[Source records]
#####
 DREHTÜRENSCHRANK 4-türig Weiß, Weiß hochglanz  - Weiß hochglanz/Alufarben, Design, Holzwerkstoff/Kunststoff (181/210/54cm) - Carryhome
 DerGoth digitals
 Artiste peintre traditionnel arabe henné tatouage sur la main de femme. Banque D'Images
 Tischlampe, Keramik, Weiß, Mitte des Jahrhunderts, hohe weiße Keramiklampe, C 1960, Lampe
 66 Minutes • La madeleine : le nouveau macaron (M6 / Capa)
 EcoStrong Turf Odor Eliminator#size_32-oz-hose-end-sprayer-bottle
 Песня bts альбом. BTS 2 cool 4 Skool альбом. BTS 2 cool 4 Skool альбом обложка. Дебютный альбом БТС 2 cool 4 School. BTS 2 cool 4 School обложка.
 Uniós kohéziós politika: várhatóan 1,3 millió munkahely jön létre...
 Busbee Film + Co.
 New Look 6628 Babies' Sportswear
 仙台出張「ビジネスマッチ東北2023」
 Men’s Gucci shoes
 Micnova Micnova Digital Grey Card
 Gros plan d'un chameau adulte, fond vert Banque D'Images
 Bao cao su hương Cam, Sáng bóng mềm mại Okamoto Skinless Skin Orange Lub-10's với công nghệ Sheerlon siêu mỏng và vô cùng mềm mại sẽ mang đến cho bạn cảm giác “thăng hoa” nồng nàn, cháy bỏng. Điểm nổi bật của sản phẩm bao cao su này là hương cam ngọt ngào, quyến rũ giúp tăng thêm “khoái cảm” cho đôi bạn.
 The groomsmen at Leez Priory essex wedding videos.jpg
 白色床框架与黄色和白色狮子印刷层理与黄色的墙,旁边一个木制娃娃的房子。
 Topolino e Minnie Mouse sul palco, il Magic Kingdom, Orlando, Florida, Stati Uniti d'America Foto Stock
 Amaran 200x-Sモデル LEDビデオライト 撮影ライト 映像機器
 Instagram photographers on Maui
#####
[TASK DIRECTIONS] Some lines in the records above contain "Weiß". Count them and give the number only.

[RESULT] 2